Contact sports put children at greater risk of fatal brain disease

Contact sports put children at greater risk of fatal brain disease

Australia’s major sporting codes are being asked to ban heading and tackling in children’s sports until they are 14 years old to protect the brain while it is still developing.

If anyone can provide legitimacy to this urgent call, it’s Dr. Chris Nowinski – a former college football player and professional wrestler turned neuroscientist.

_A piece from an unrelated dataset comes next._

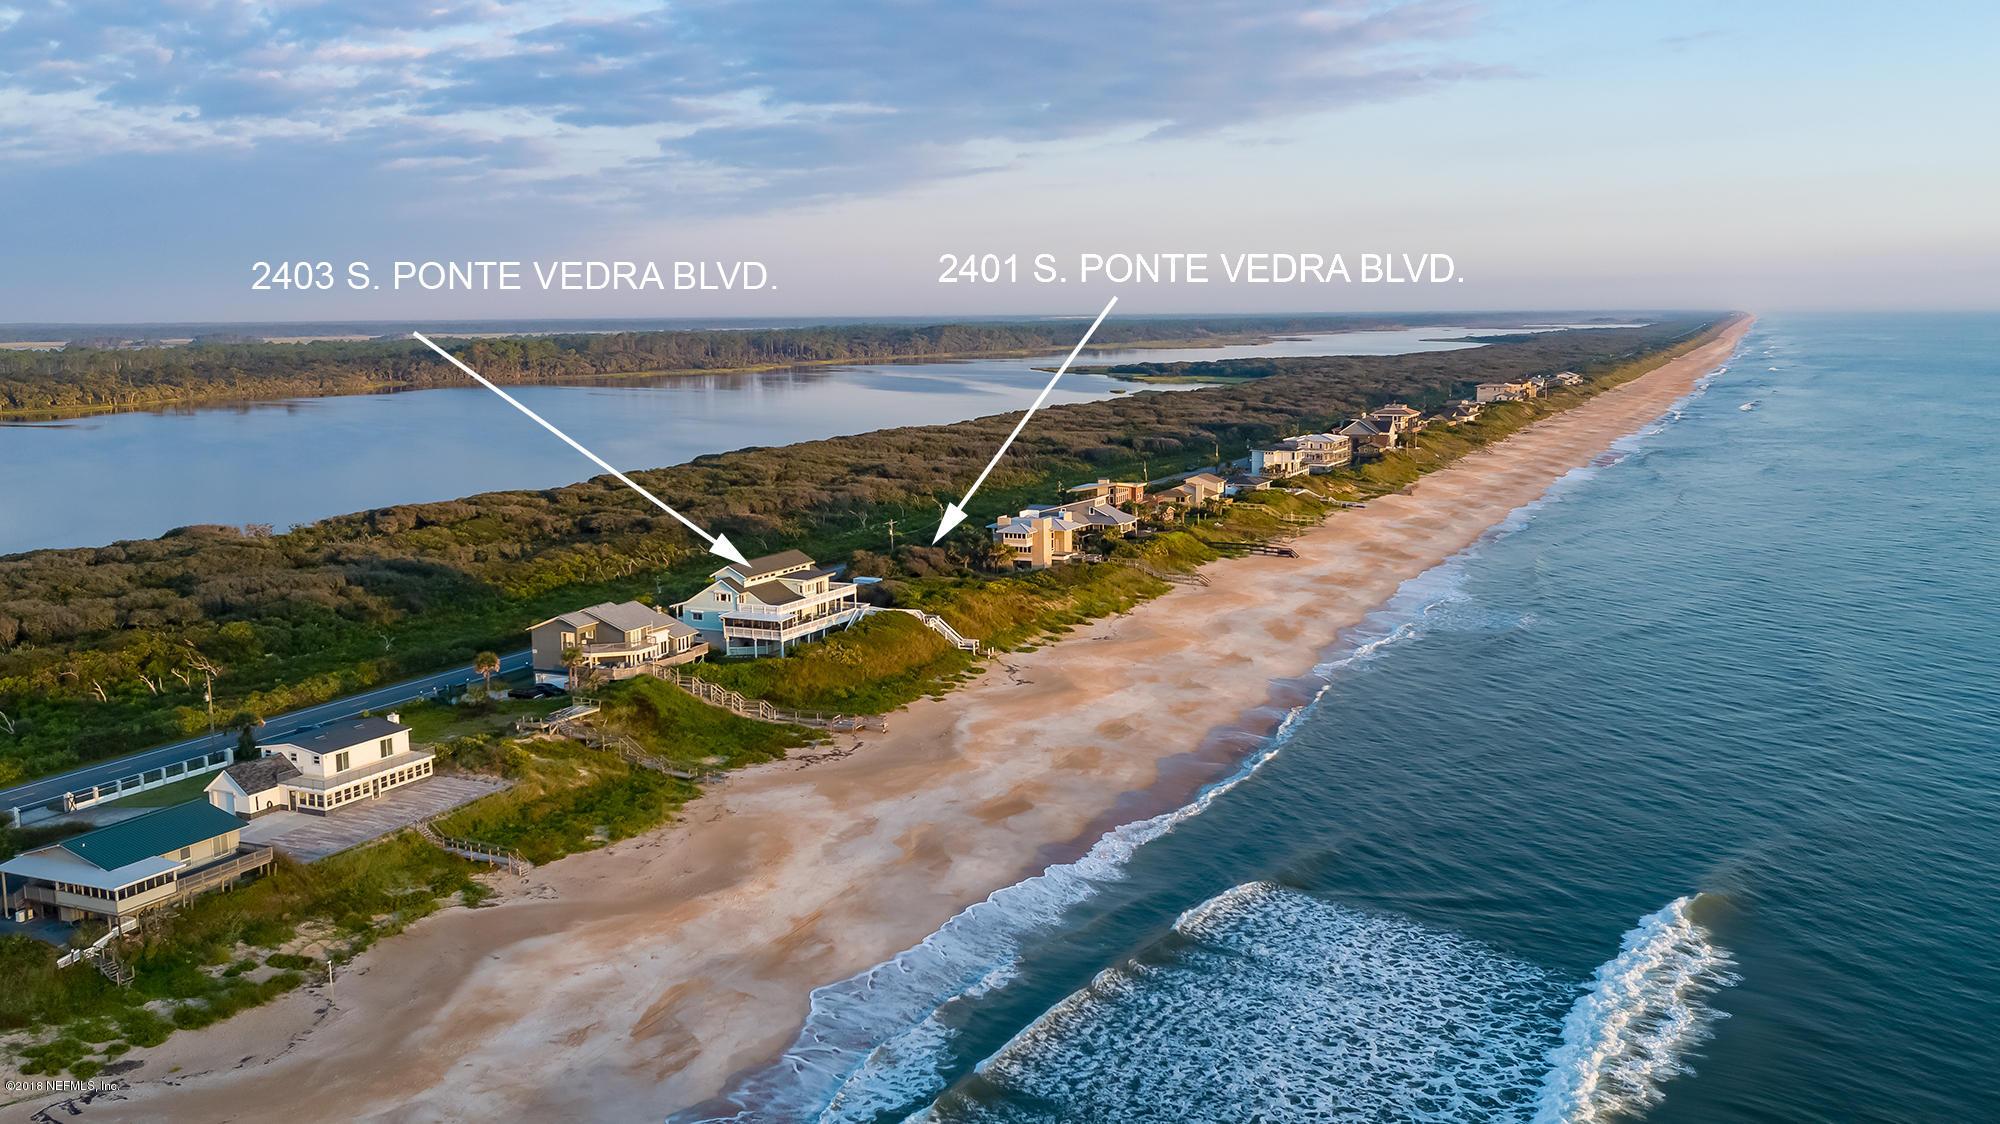 2401&2403 PONTE VEDRA BLVD PONTE VEDRA BEACH - 4

Nowinski said children exposed to repeated blows to the head are at risk of chronic traumatic encephalopathy (CTE), which can lead to behavioural and mood problems. It has become so prevalent in the country that the Australian Sports Brain Bank found 12 of the 21 athletes it had examined its since inception in 2018 showed signs of CTE.

Left without treatment, an increasing number of them end up being diagnosed with early onset dementia in care homes. In worst cases, it could result in suicide – half of these identified athletes with CTE were reported to have killed themselves.

“No sport should accept repetitive head impacts before the age of 14,” Nowinski told The Sydney Morning Herald. “Let’s start there. Parents don’t hit their own child in the head, and we need to remove this cultural veil, in that it happening in sports is okay for the developing brain. It’s not.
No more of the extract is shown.